The Tax Authorities of the State argue that the E-commerce companies qualify as ‘commission agents’ u/s 2(12) of the Act. Such a claim becomes essential to prove, for the Tax Department, to make the companies liable to pay the tax under S. 8 of the Act. S. 8 casts a specific liability on an agent to pay taxes for any sale affected by him S. 8 states that “every person who, for an agreed commission or brokerage, buys or sells on behalf of any principal who is a resident of the State shall be liable to tax under this Act at the rate or rates leviable thereunder in respect of such purchase or sale, notwithstanding that such principal is not a dealer or that the turnover of purchase or sale relating to such principal is less than the minimum specified in sub-sections (1), (2) and (3) of Section 22.” Here, it is relevant to refer to the Indian Contract Act, 1872  which defines an agent as a “person employed to do any act for another or to represent another in dealings with third persons.”. In the present case, Amazon India is merely providing a platform which enables the buyer to meet the sellers, and thereafter, if needed, provide logistic services to the sellers to ensure that the goods are delivered to the buyer in quick time and cannot be described as an agency, representing the TPM with no contract between the parties to that effect.

However, even if it may appear difficult to describe the E-commerce companies as selling agents, the tax department might find some ground in their attempt to describe Amazon as a ‘dealer’, without trying to explain their role as that of a ‘commissioning agent’, as a dealer itself includes the activity of supplying or distributing the goods for a payment, commission or any other valuable consideration.

It is understood that in this case the laws of the country have failed to keep pace with the new age business model that enable a faster, convenient and nationwide access to customers for sellers, especially for small and medium businesses, at significantly low costs.
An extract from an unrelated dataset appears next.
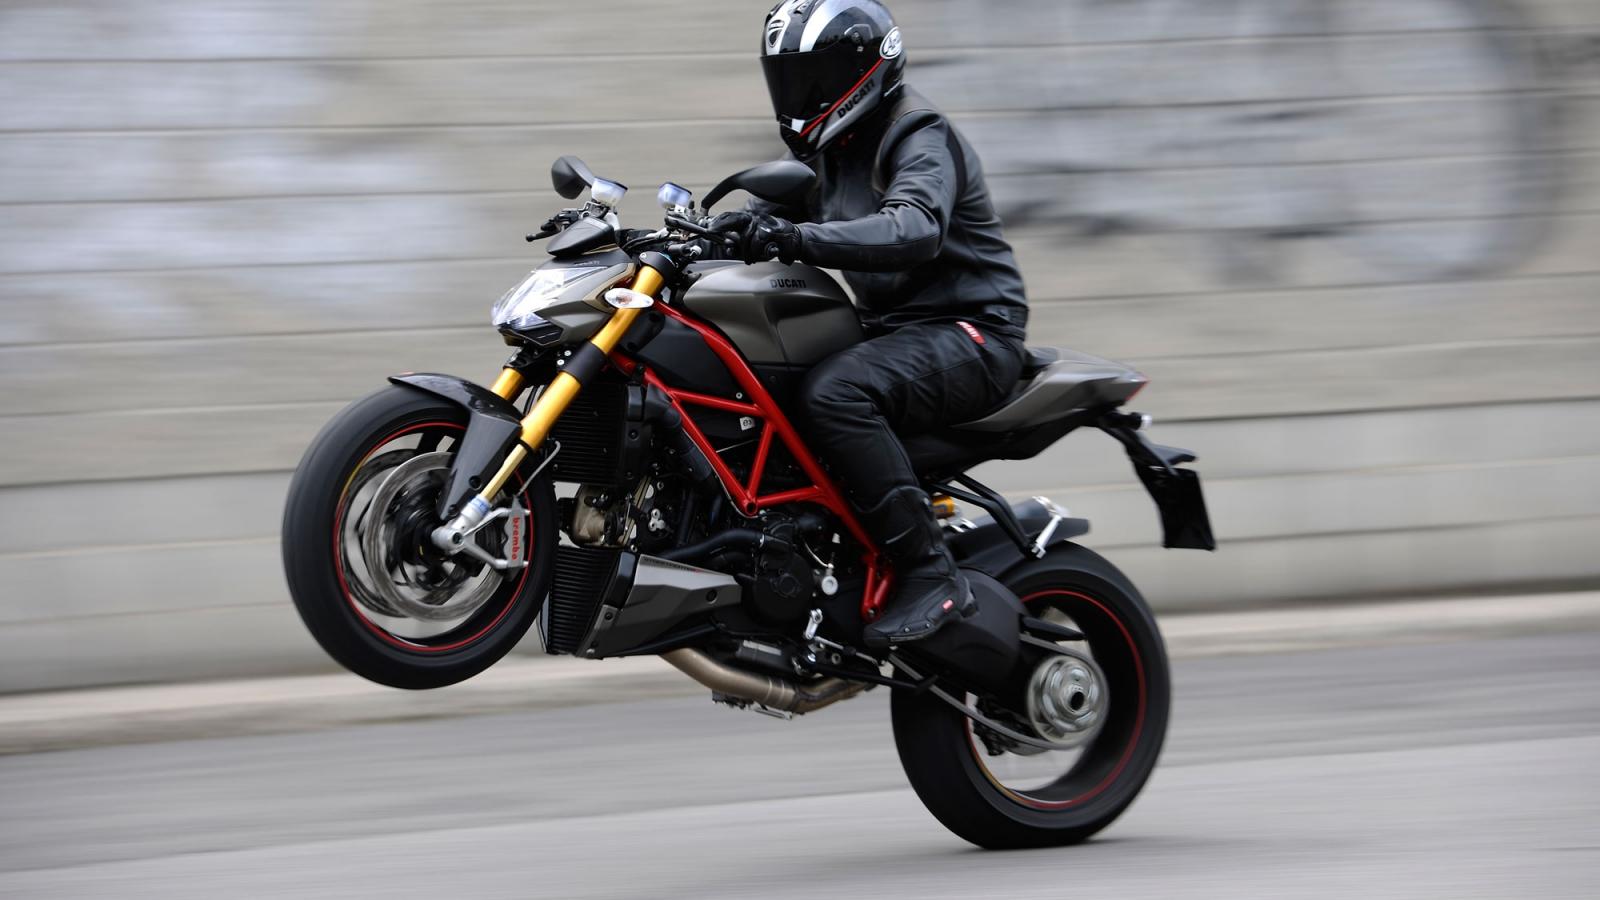 Caballito en Ducati - 1600x900

The perils of the lack of a codified legislation regulating the E-commerce industry can be far reaching, causing inconvenience to all the stakeholders involved in the matter which include the Government, consumers, sellers, the E-Commerce companies themselves, and last but not the least, every citizen and non-citizen of India, who holds an interest in the country’s development.
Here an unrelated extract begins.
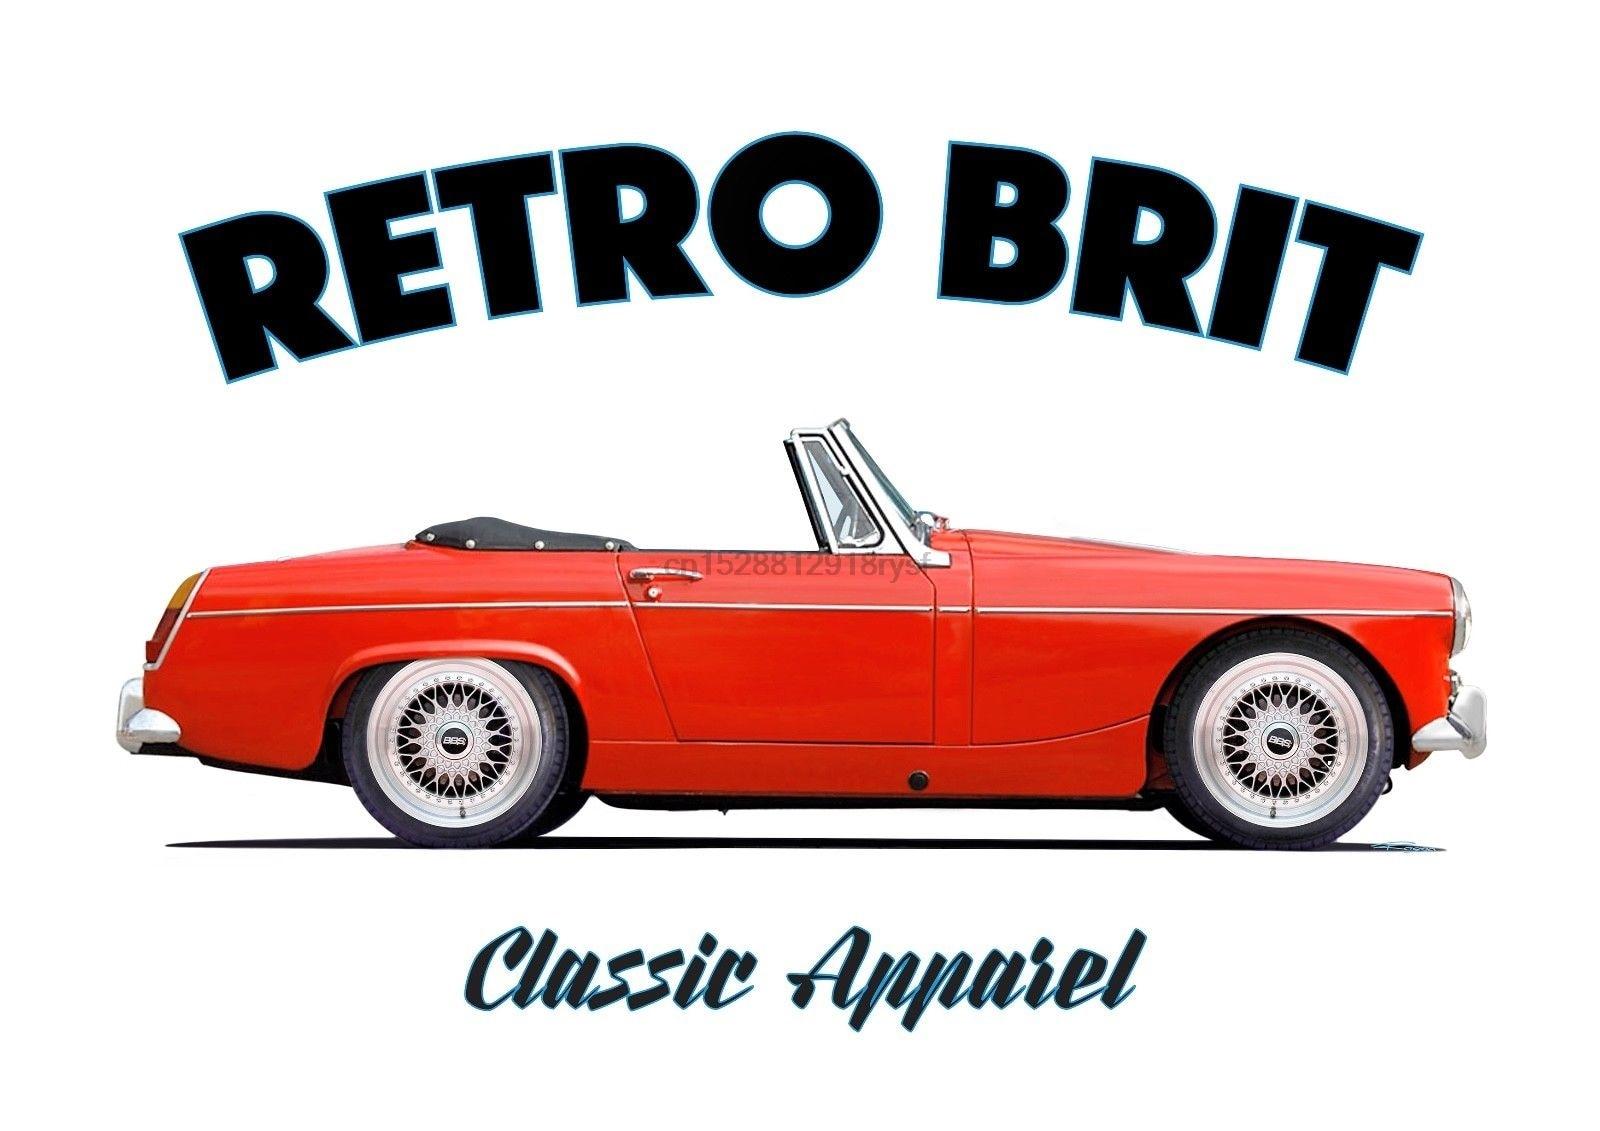 MG MIDGET de la serie 1 de camiseta RETRO BRIT ¡Coche clásico! ¿MORRIS garajes? BMC

Moreover, VAT and Sales Tax is a State subject, and hence laws differ from state to state. “Similar provisions may exist in most of the other states in regard to the definition of dealer and this fact can raise serious concerns in regard to taxability in all states on e-commerce industry if the matter is not expeditiously addressed by the revenue authorities. In Delhi, for instance, the S. 2(1)(j) does not refer to supplying or distributing in the main part of the definition, though the part relating to commission agents bears similarity with the law in Karnataka, while the law in Haryana does. It would be interesting to note in this regard that going by the FDI rules, a foreign entity cannot invest in multi-brand retail in India. Therefore, if by the interpretation of law, if Amazon is identified as a dealer, it would not be able to continue its business in India.
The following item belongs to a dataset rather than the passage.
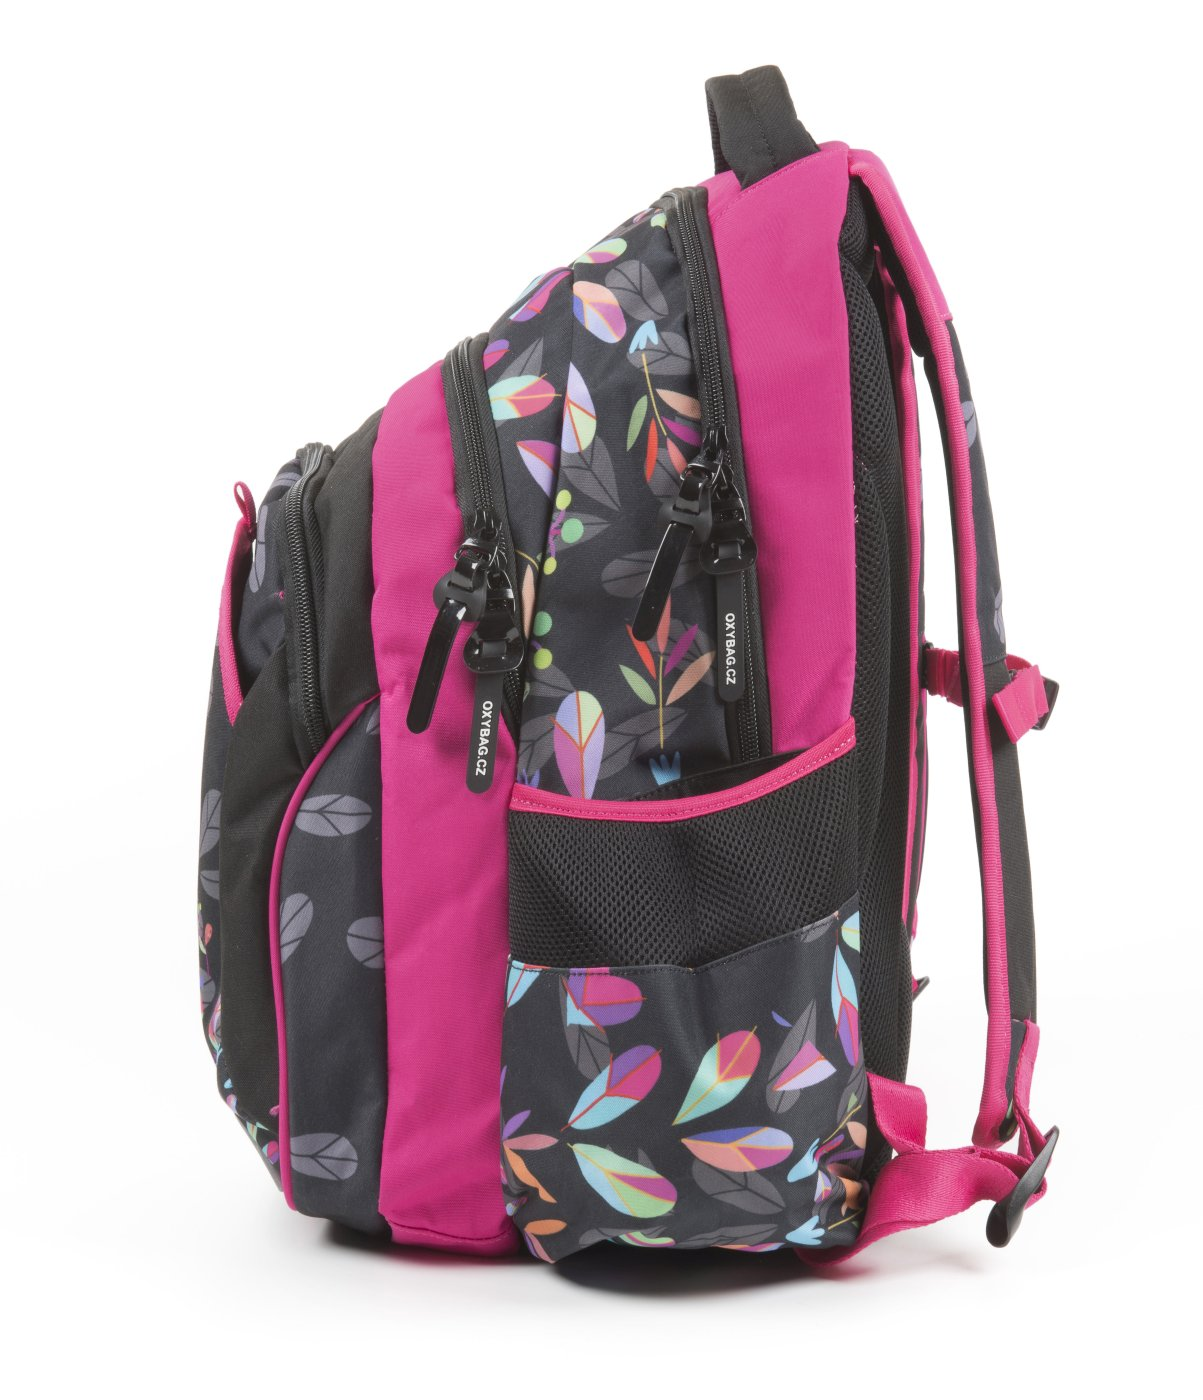 0eb11b1dd6 ... Studentský batoh OXY Fashion Flowers Bez licence · Image. FLOWERS

Such diversity in the provisions of VAT laws from State to State can prove hugely problematic for the Companies in enforcing compliance. If the interpretation of law differs from State to State, the situation might be that in certain places VAT will be payable, and in others it will be not. It is imperative that a consensus be reached among states regarding the applicability of VAT laws to the E-commerce companies and if they could be described as ‘dealers’. Also, a uniform floor rate of taxation has to be decided on, to prevent bitter competition among States to seek investments from the E-com companies, which in turn might hit revenue collections of the respective states.